I think it is fair to say that Bede Griffiths was one of the 20th century’s most notable religious pioneers, a true adventurer in the deepest realms of human existence. The experimental monastic community in Tamil Nadu he inherited from his spiritual forebears, Jules Monchanin and Abhishiktananda, combined the life of a Hindu Ashram with Benedictine monasticism but this was not only an experiment in the external aspects of inculturation. What Bede sought to embody was the true coming together of religions in his own person. His goal was the reconciliation of opposites in advaita, non-dualism, a profound level of unity in which all things are held together. In part, he was motivated by what he saw as an excessive reliance in the West on rational processes and their resulting technologies. Ever since an early experiment in simple communal living with two friends in the 1930s, Bede shunned many of the products of industrial activity. Indeed, when he entered Prinknash Monastery shortly after that experiment, he was appalled by the comforts of a monastic life that was considered by many to be exacting! He felt deeply that Westerners, Christians included, had lost touch with the fullness of human life, losing confidence in the darker and intuitive aspects of the human psyche in favour of control and reason.

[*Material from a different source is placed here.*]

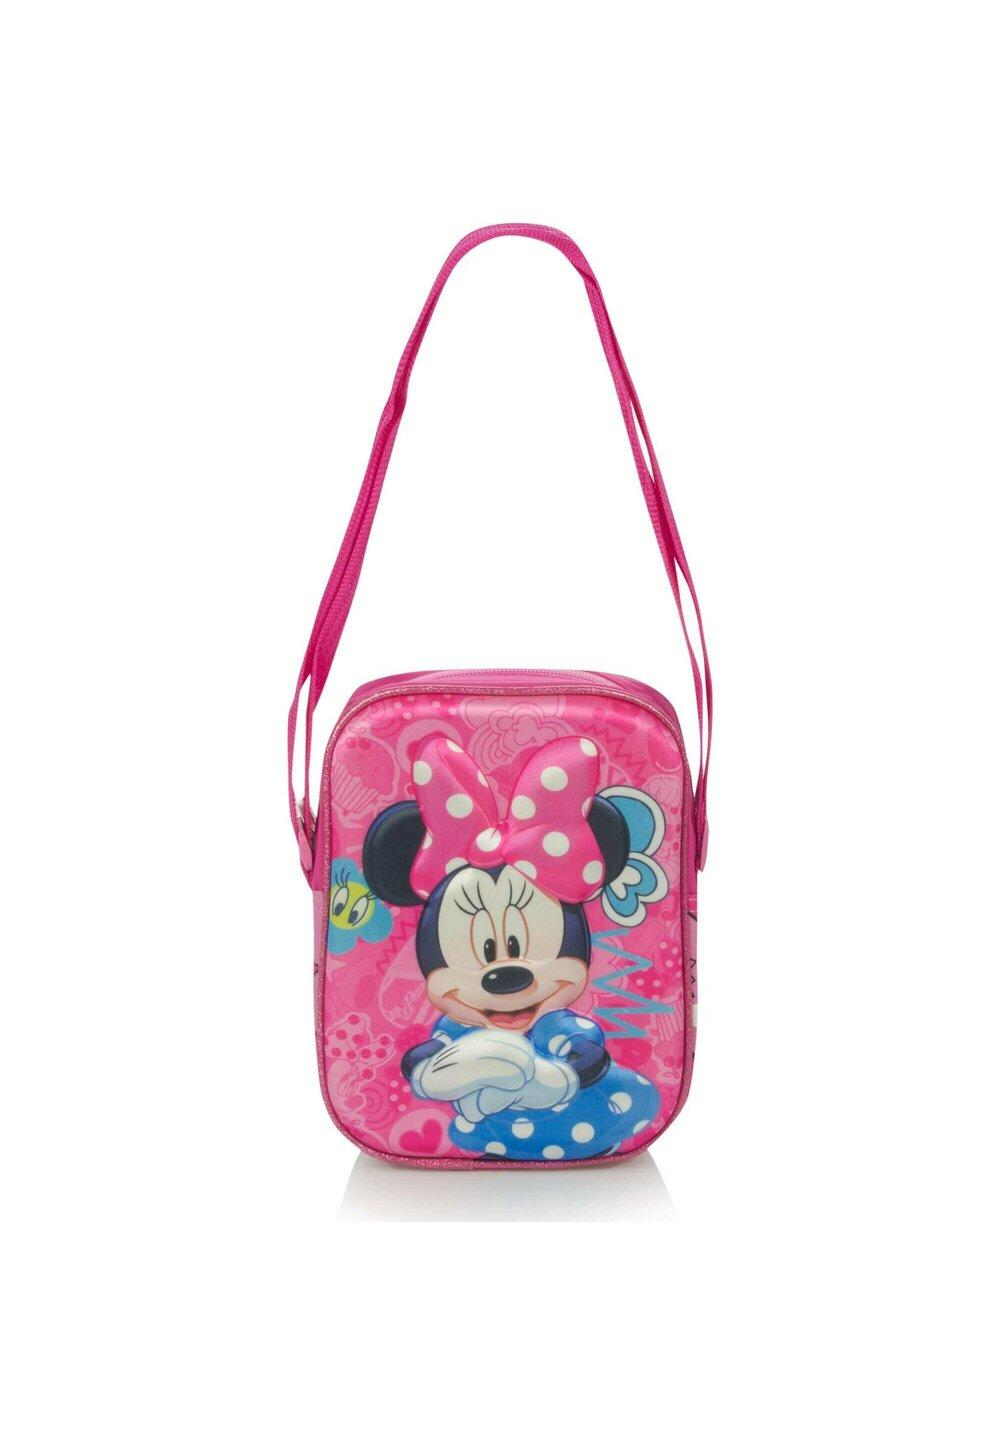 Geanta umar 3D, Minnie Mouse, roz imagine

Bede went to India to find ‘the other half of his soul’ and this journey, a life’s journey, was one of unifying feminine and masculine, ordered and spontaneous, light and dark, intimate and self-contained aspects of his person. In religious terms, he insisted on using texts and symbols from other religions in the Ashram’s liturgies. One of the most potent of these symbols was the cross outside the Temple at Shantivanam:
The use of the sacred syllable, Om, in the middle of a Christian cross aroused anger from conservative Hindus and Christians. And, despite Bede’s unstinting commitment to welcome all who came, some found this desire to embrace all religions as fundamentally expressing one great Truth to be completely unacceptable. Bede dealt with considerable levels of conflict in his life and I suppose this is inevitable for those who try to hold ‘opposites’ together in their own person. For those whose faith is ‘this and this only – never that‘, Bede’s insistence on true faith as always residing in ‘this-with-that’ poses a deeply uncomfortable threat.

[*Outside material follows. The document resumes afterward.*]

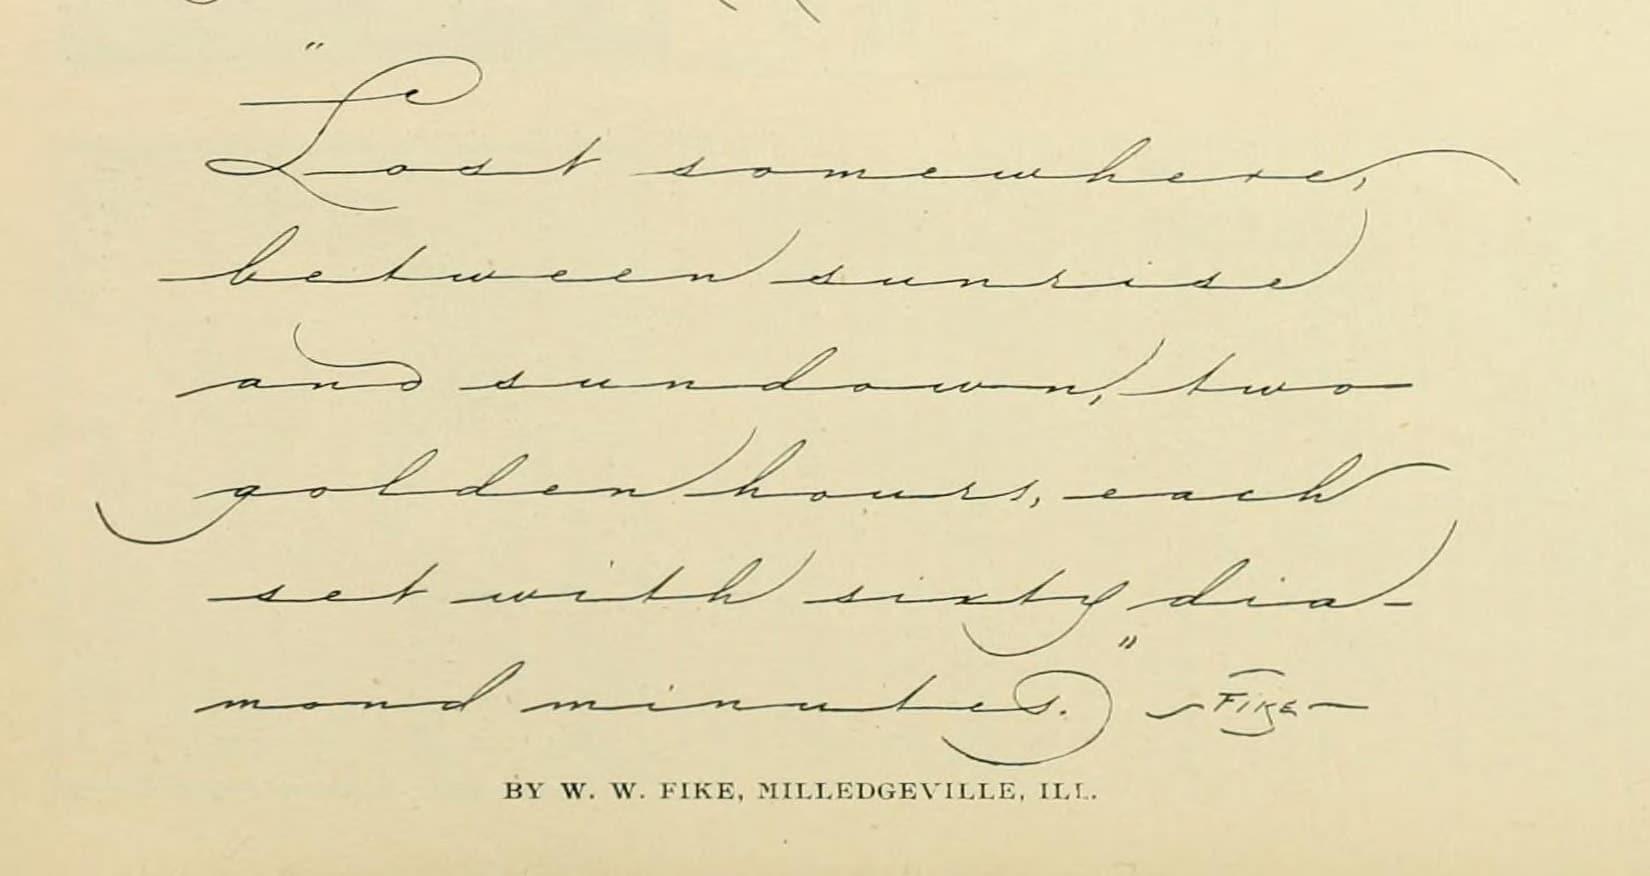 W. W. Fike Penmanship

For Christians in particular, Bede’s exploration of non-dualism asks hard questions of traditional Christian polarities such as evil-good, law-gospel, dark-light, human-divine, death-life, creator-creature. Do these melt away into an indistinct singularity? I think Bede’s answer would be that distinctions remain, but in constant relationship, in ultimate unity and sometimes in painful tension. To use a phrase from Teilhard, ‘union differentiates’. All the same, the truest reality, the reality we call God, is one. This means that human fulfillment is found in the unity of opposites, the reconciliation of contradictions and the fearless of embrace of paradox.